Selic tem nome e função de remédio, mas pode virar veneno
Antonio Marcos Samad Júnior*
A indicação de uma dose de Selic para conter uma dor de cabeça não parece nada absurda para boa parcela da população brasileira que não tem o hábito de discutir as implicações da taxa básica de juros na vida prática. Apesar disso, os movimentos em torno desse nome estranho poucas vezes foram tão fundamentais quanto agora para definir a velocidade (ou a falta de) com a qual o país sairá do atual estado de letargia em termos de crescimento econômico.
Afinal, ao ser usada como medicamento para eliminar os efeitos negativos da doença grave chamada inflação, a taxa Selic alcançou o patamar de 13,75%. O nível é considerado por muitos como o limite entre o remédio e o veneno.
Na condição de médico, o Banco Central se vê neste momento diante da difícil decisão entre, de um lado, manter o ataque à alta dos preços com os mesmos métodos e correr o risco de causar efeitos colaterais no paciente. De outro, diminuir a dose do remédio e correr o risco de permitir a recuperação do vírus inflacionário que embora esteja controlado, ainda não dá demonstrações de estar morto.
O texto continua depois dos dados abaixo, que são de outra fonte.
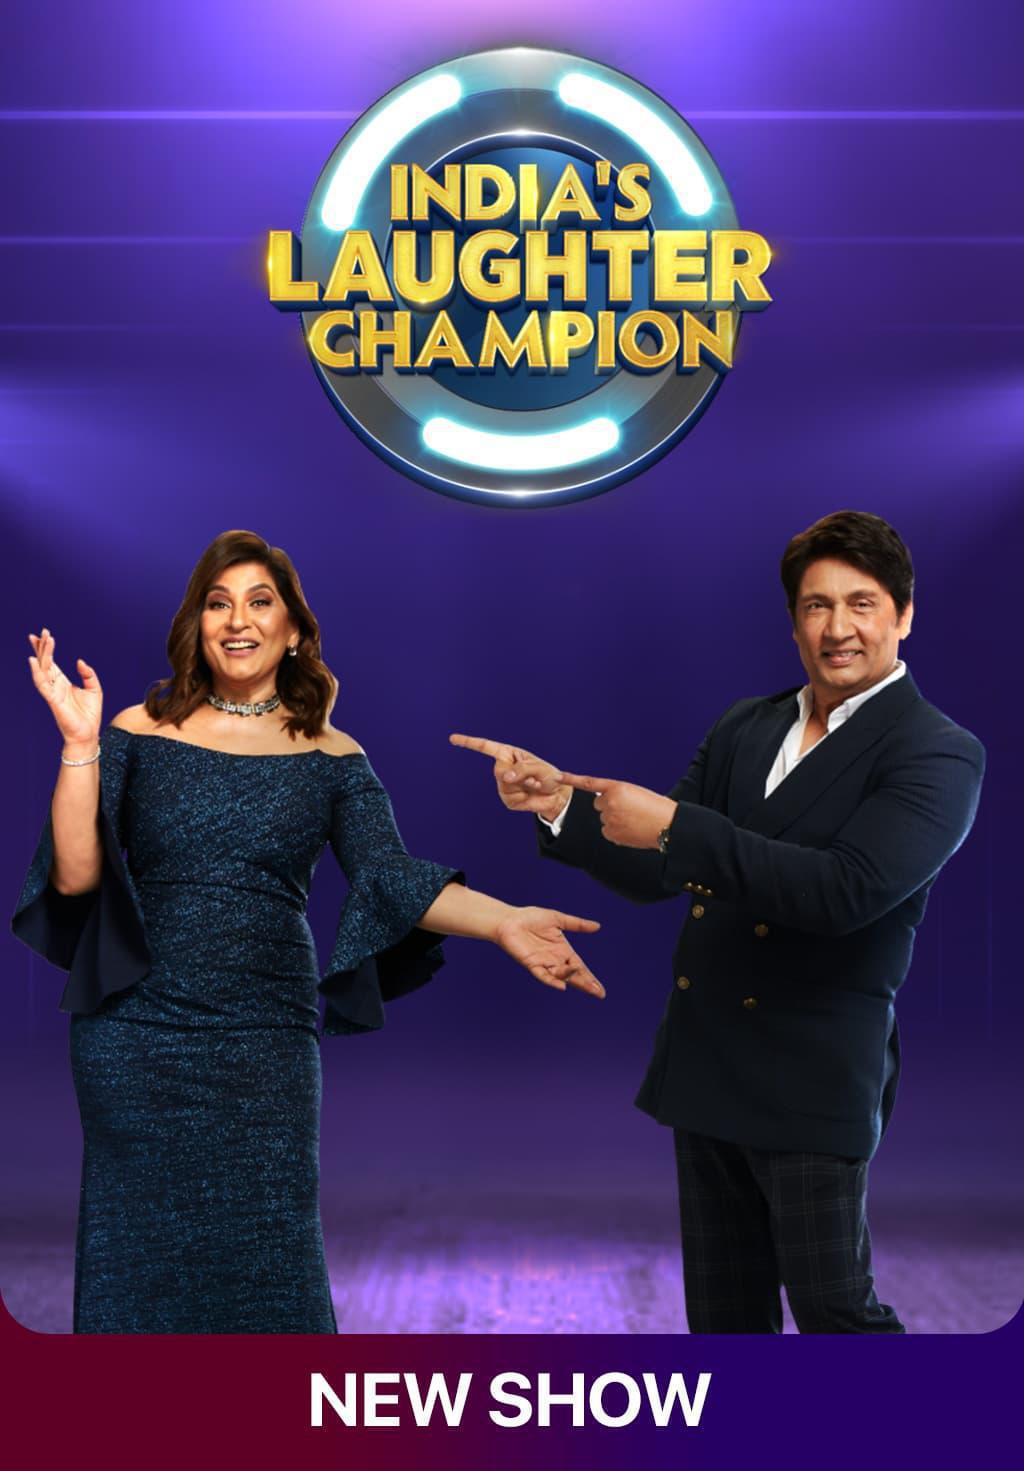 TV ratings for India’s Laughter Champion in Irlanda. Sony TV series

Seja como for, para o mercado financeiro é considerado um ponto pacífico que os 13,75% são prejudiciais para investimentos de renda variável. De fato, quem se anima a correr riscos na bolsa de valores se dá para obter boa remuneração, sem sustos, aportando recursos em títulos do governo atrelados à taxa básica mais IPCA?
Selic: Efeitos colaterais
Além disso, a taxa de juros alta encarece o crédito, reduz o consumo e, por tabela, prejudica o desempenho das empresas e da economia como um todo. Movimento esse semelhante ao daquela brincadeira de enfileirar peças de dominó na vertical e, no final, com um leve toque derrubar uma levando todas as outras a caírem. Na brincadeira é até bonito de ver. Na economia, não é.
Com menor demanda por produtos e serviços, há demissões e o aumento do desemprego afeta a renda dos consumidores que consomem menos ainda e assim por diante. Trata-se, portanto, de um círculo vicioso ruim.
Como se tudo isso não bastasse, ainda é necessário considerar fatores como a crise mundial, inclusive na cadeia de fornecimento. Da mesma forma, é preciso levar em conta questões domésticas, como a polarização política e o risco fiscal que contribuíram decisivamente para não permitir que o remédio surtisse o efeito desejado em um período menor.
Sinais de melhora
A boa notícia é que, apesar da demora, o paciente começa a se recuperar. A inflação de março medida pelo IPCA ficou em 0,71%, menos do que o mercado estimava, seguindo uma sequência de queda neste ano.
Para tornar a notícia ainda melhor, a inflação dos Estados Unidos também foi menor, o que leva a crer que o Federal Reserve irá repensar na manutenção de alta dos juros por lá. Além disso, o governo atual apresentou seu plano para contenção de gastos, o arcabouço fiscal, que se não parece perfeito aos olhos dos especialistas pelo menos é uma clara indicação de que o Executivo tem um plano para evitar a escalada do endividamento público.
Outra expectativa é de que, com as taxas parando de subir nos EUA, a bolsa de valores brasileira fique mais atraente para o investidor externo. Sabemos que, em momento de dificuldades, quem pode não hesita em correr para retirar o dinheiro dos mercados emergentes e alocar na segurança do mercado norte-americano.
Recuperação com vigor
Seja como for, embora talvez não seja necessário baixar a Selic imediatamente, seria recomendável que isso tivesse início de forma gradual. Afinal, agora não se trata mais apenas da reclamação de um político com viés eleitoreiro. Já existem demonstrações claras de que o próprio mercado está pedindo por isso.
O fundador e diretor de investimentos do fundo de hedge Autonomy Capital, Robert Gibbins, por exemplo, se juntou aos que defendem uma amenização na política adotada pelo BC para a Selic. No entendimento dele e de outros especialistas, as decisões sobre os juros começaram a ficar contraproducentes. Isso porque podem gerar recessão e reduzir a oferta de produtos e serviços em uma economia que já não oferece o suficiente.
Em outras palavras, a regra de gastos prestes a ser votada, os preços arrefecendo e a enorme necessidade de geração de emprego e renda parecem ser sinais claros de que a dose de Selic pode ser diminuída sob pena de perder o ímpeto de recuperação demonstrada pelo paciente.
Na prática, há um forte sentimento não só no mercado, mas em toda a sociedade de que caso a próxima reunião do Comitê de Política Monetária (Copom) não sinalize que o viés dos juros é de baixa deste momento em diante, o remédio vai se transformar em veneno e aumentar as dores do paciente. Sempre é bom lembrar que remédio é necessário, mas em doses muito elevadas pode matar ao invés de curar.